TASK REQUIREMENTS:
Write out the full listing exactly as given, minus the images.

PROVIDED MATERIAL:
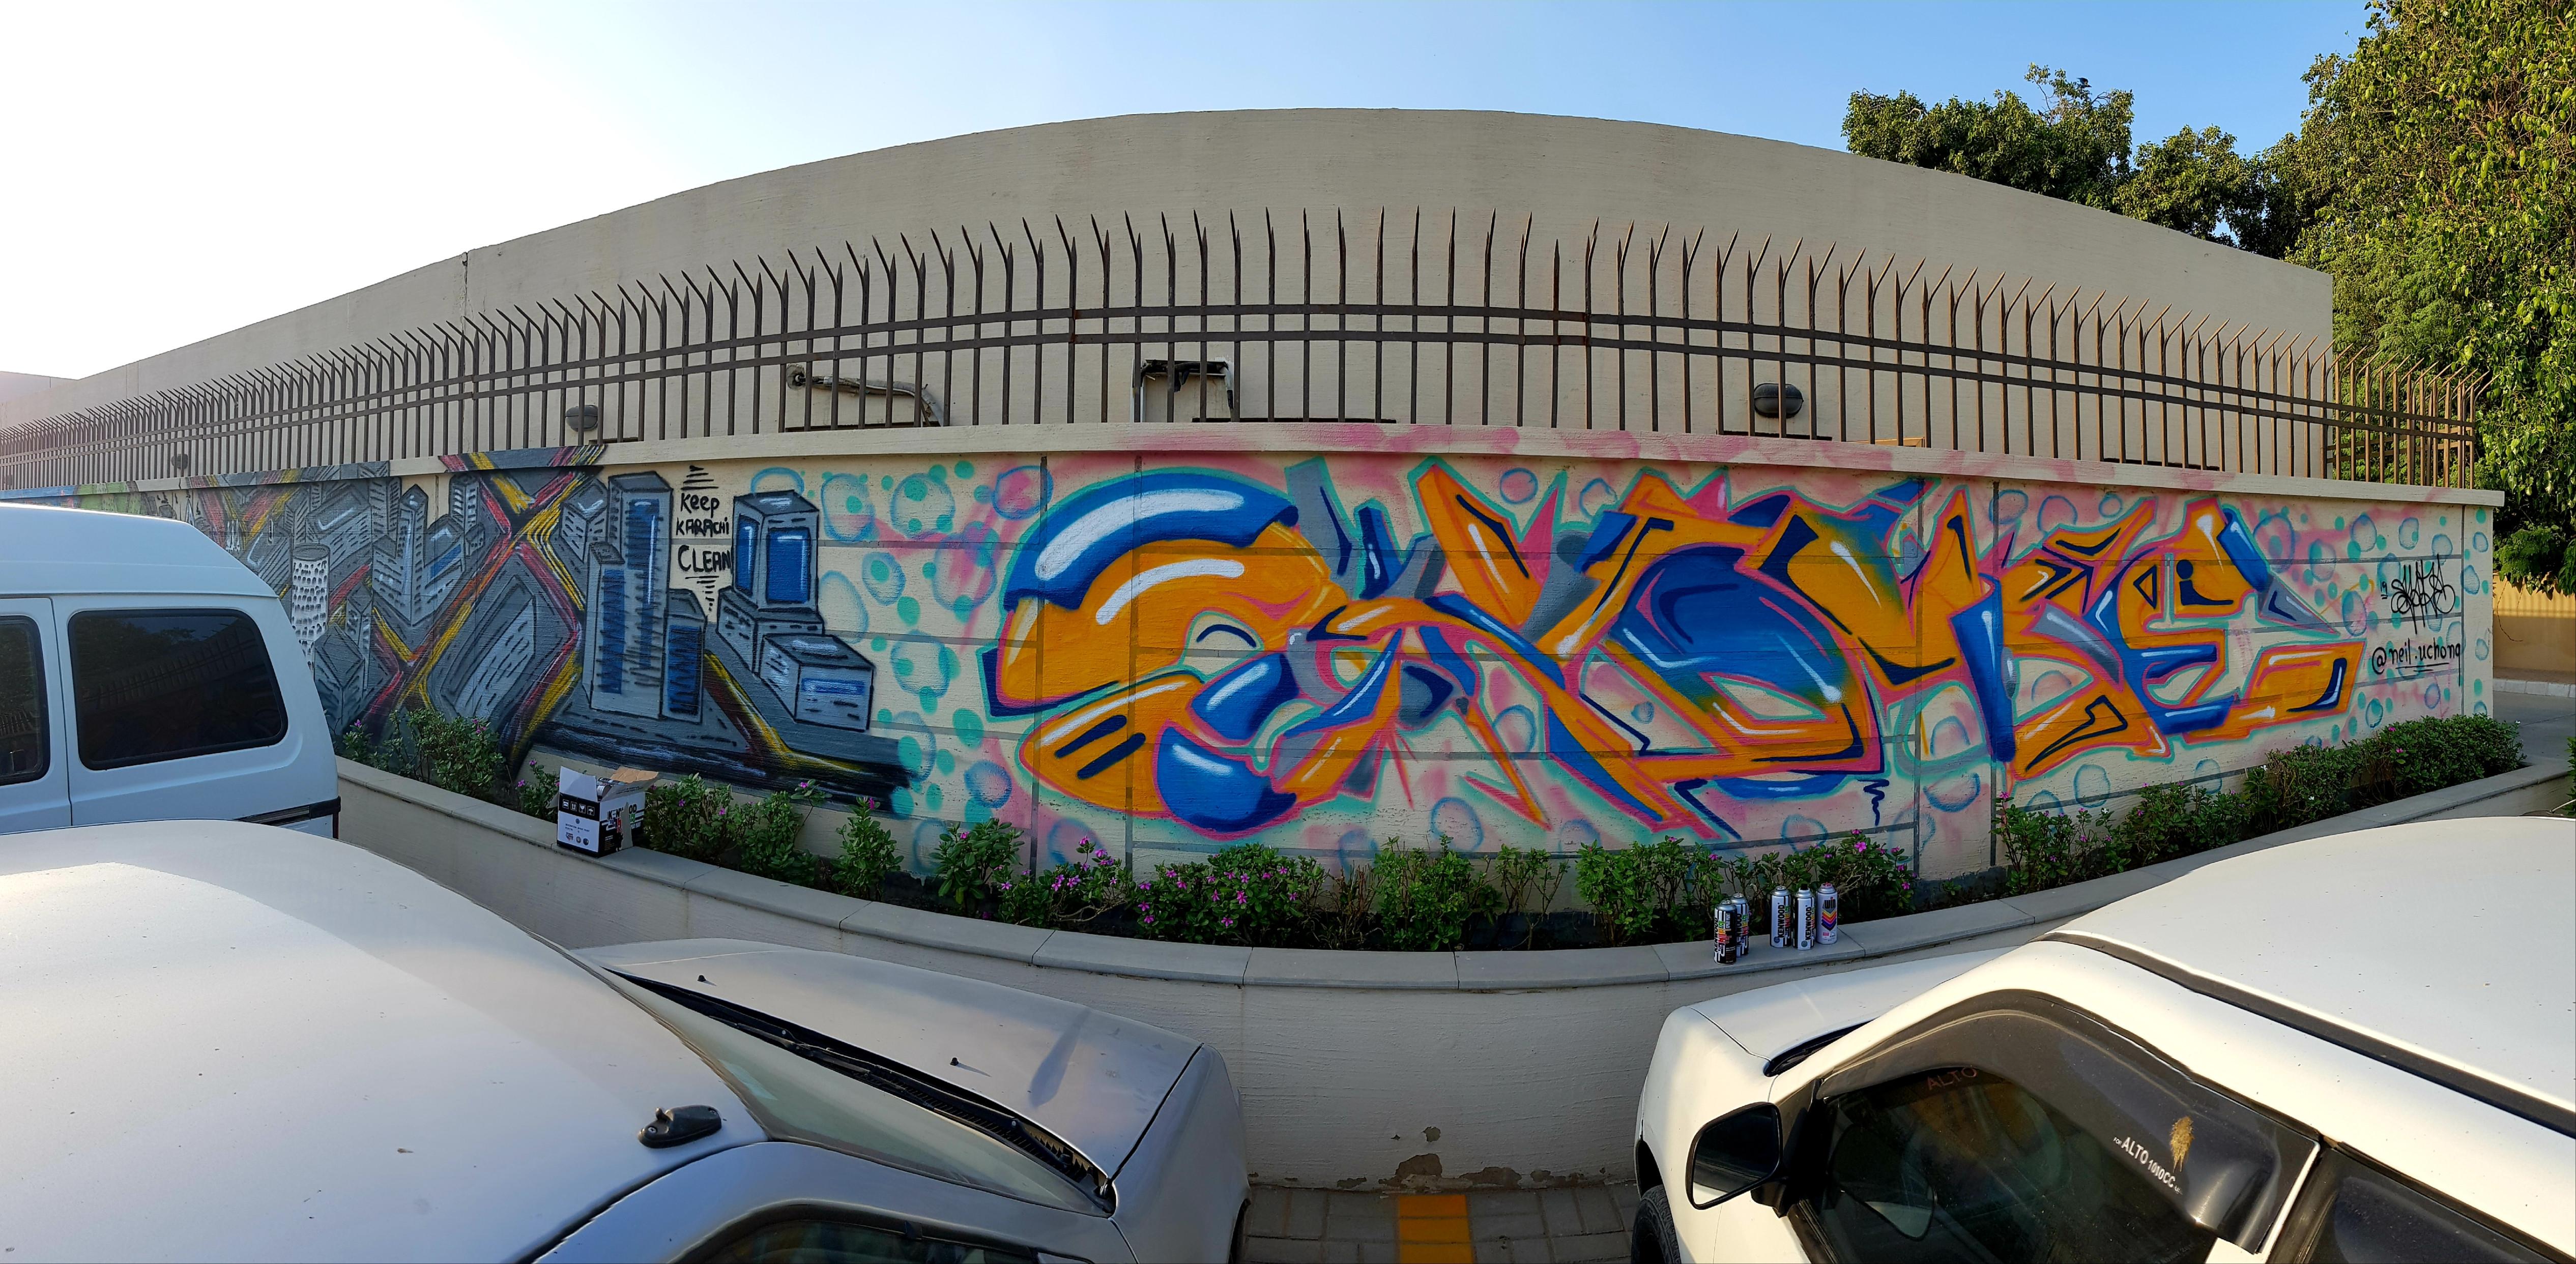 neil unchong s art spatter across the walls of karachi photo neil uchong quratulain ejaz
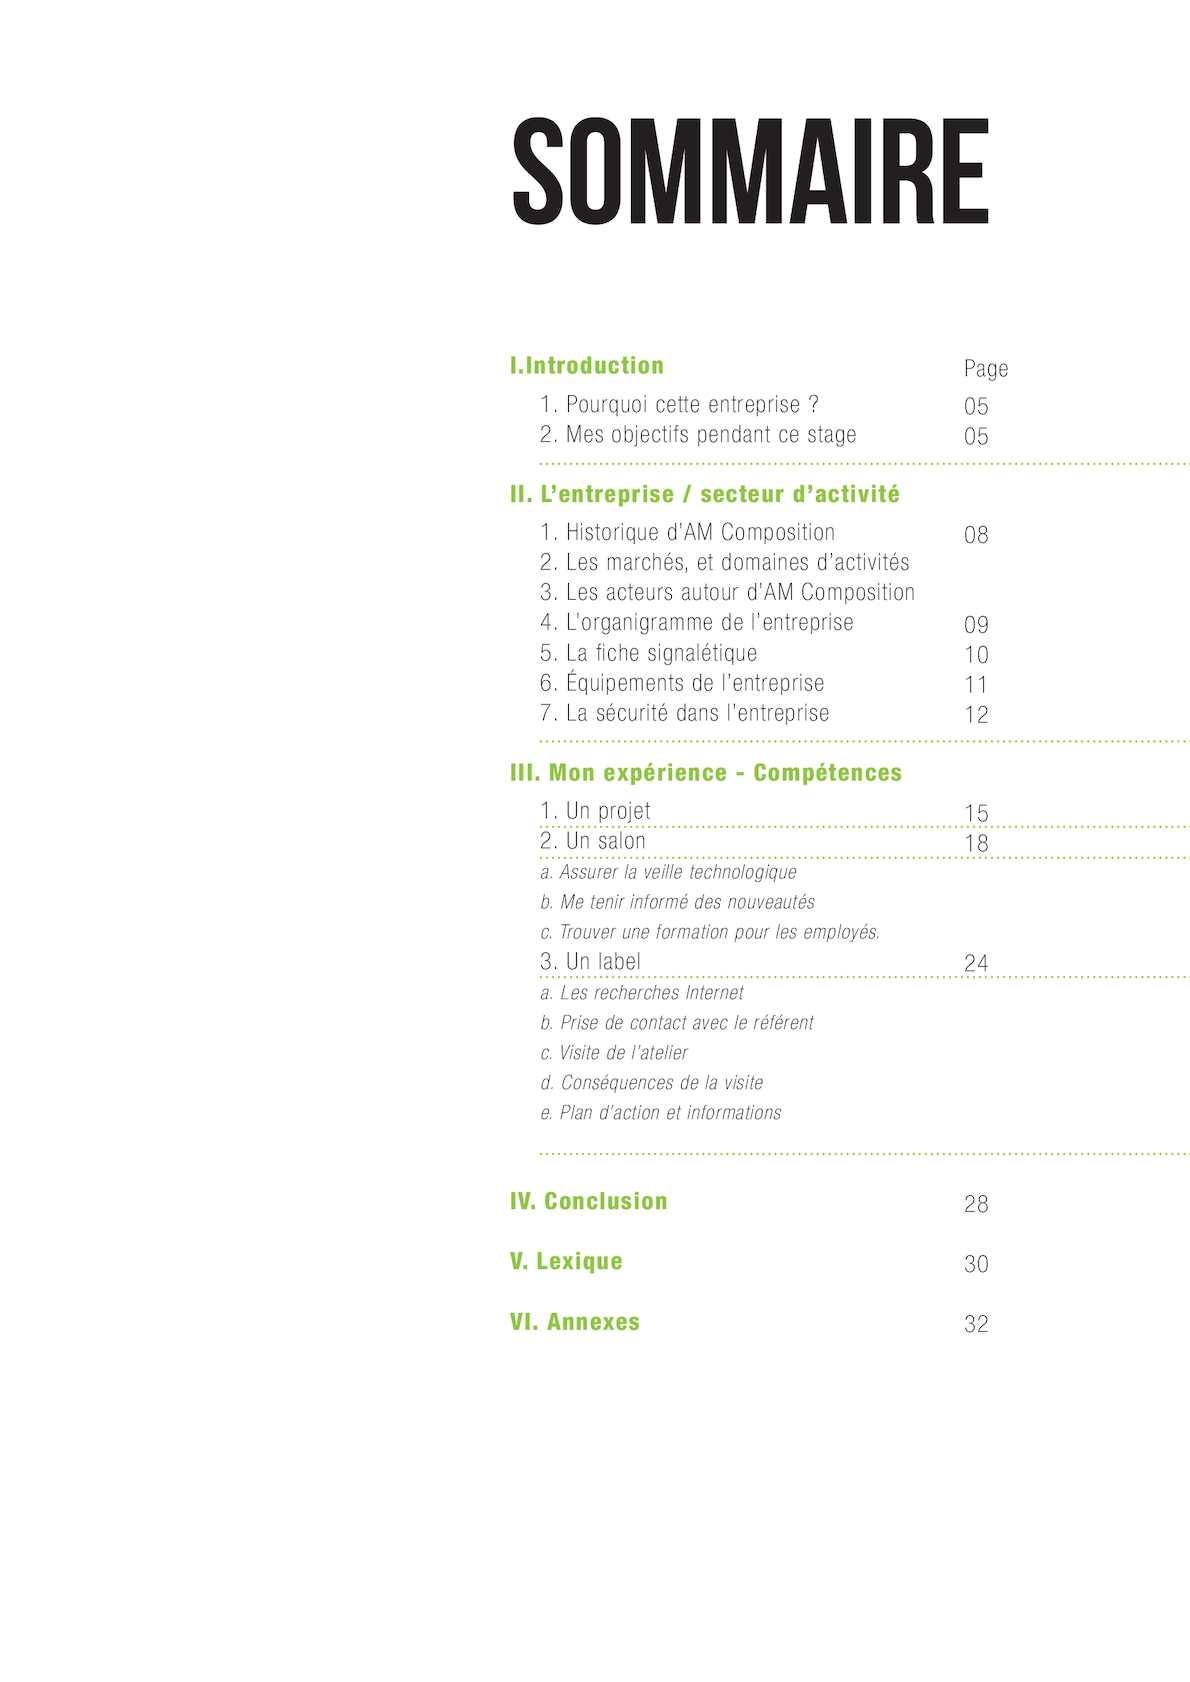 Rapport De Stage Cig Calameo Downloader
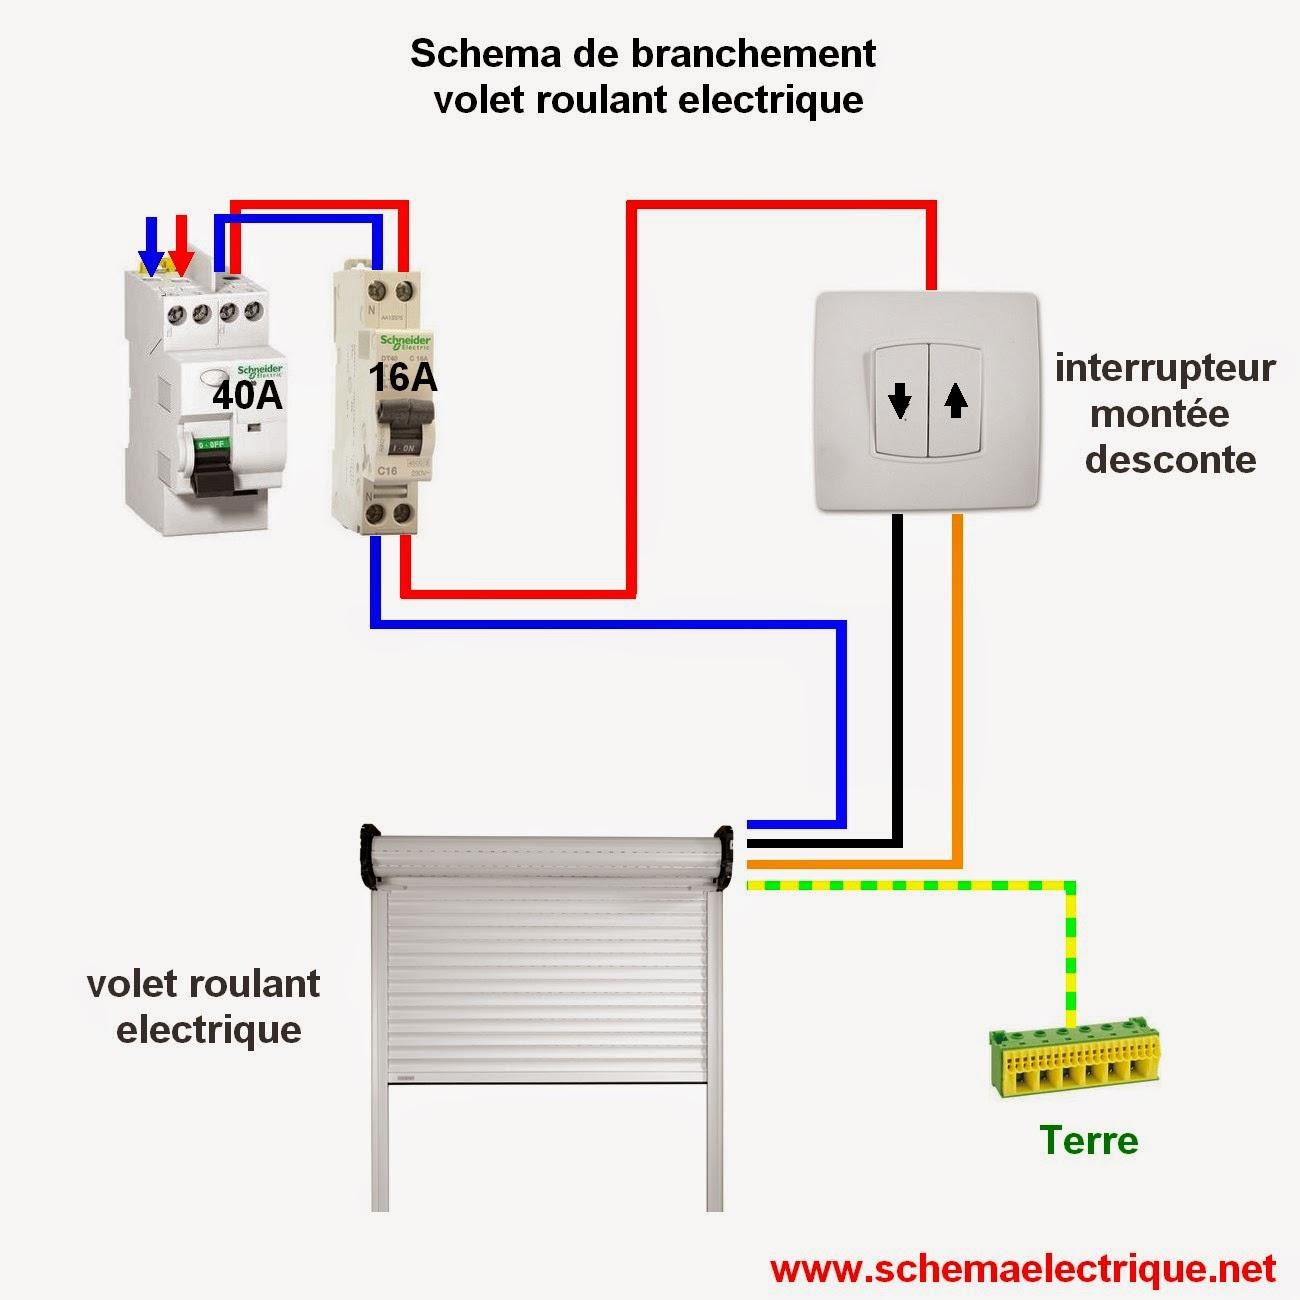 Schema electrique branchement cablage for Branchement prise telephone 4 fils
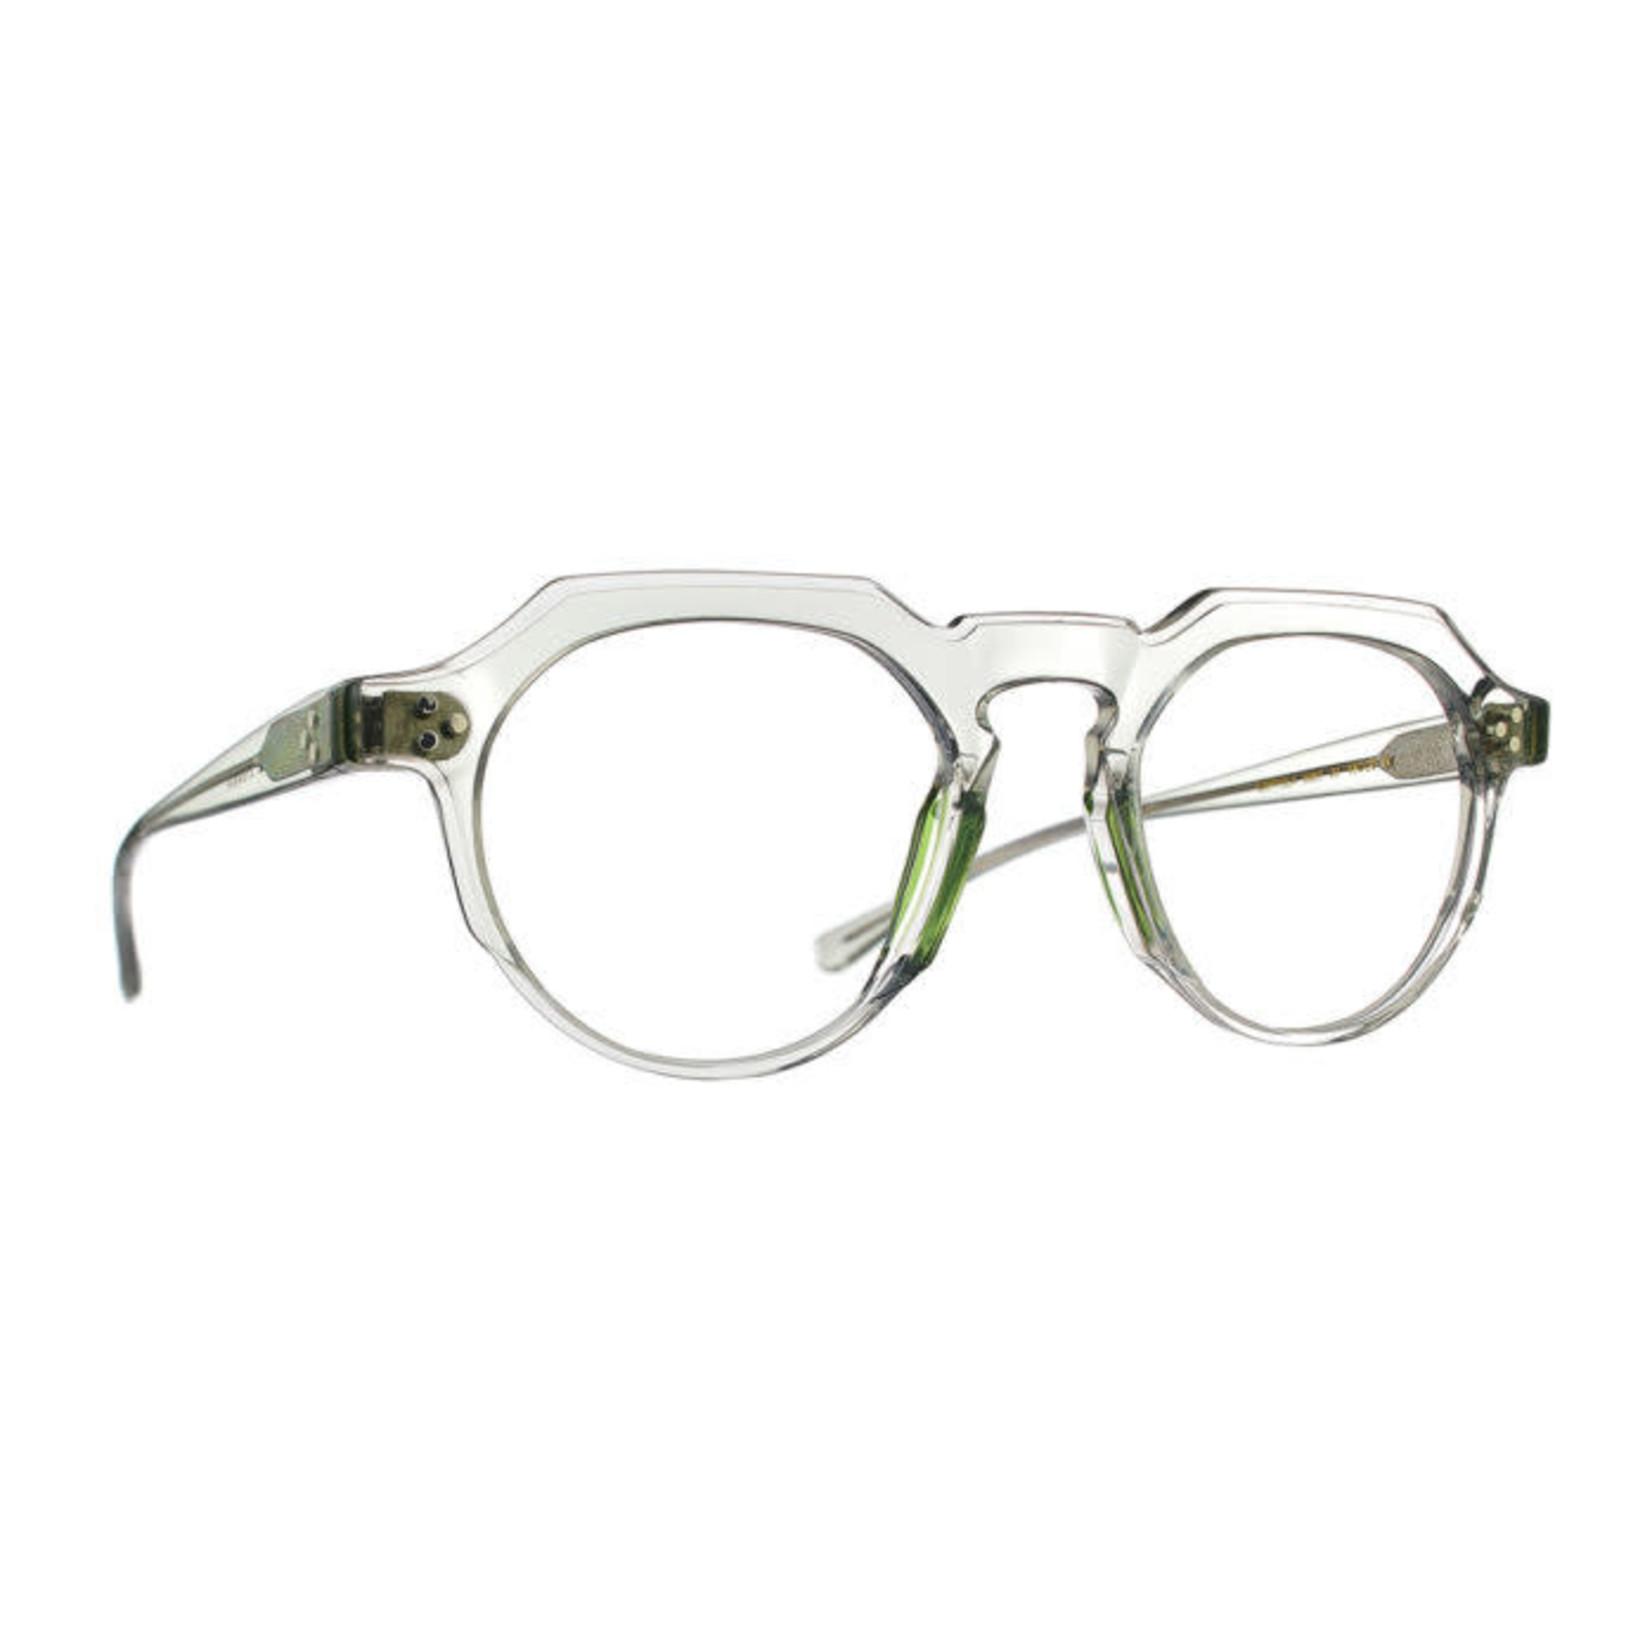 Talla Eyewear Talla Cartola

SOLVED EXERCISE:
 neil unchong s art spatter across the walls of karachi photo neil uchong quratulain ejaz
 Rapport De Stage Cig Calameo Downloader
 Schema electrique branchement cablage for Branchement prise telephone 4 fils
 Talla Eyewear Talla Cartola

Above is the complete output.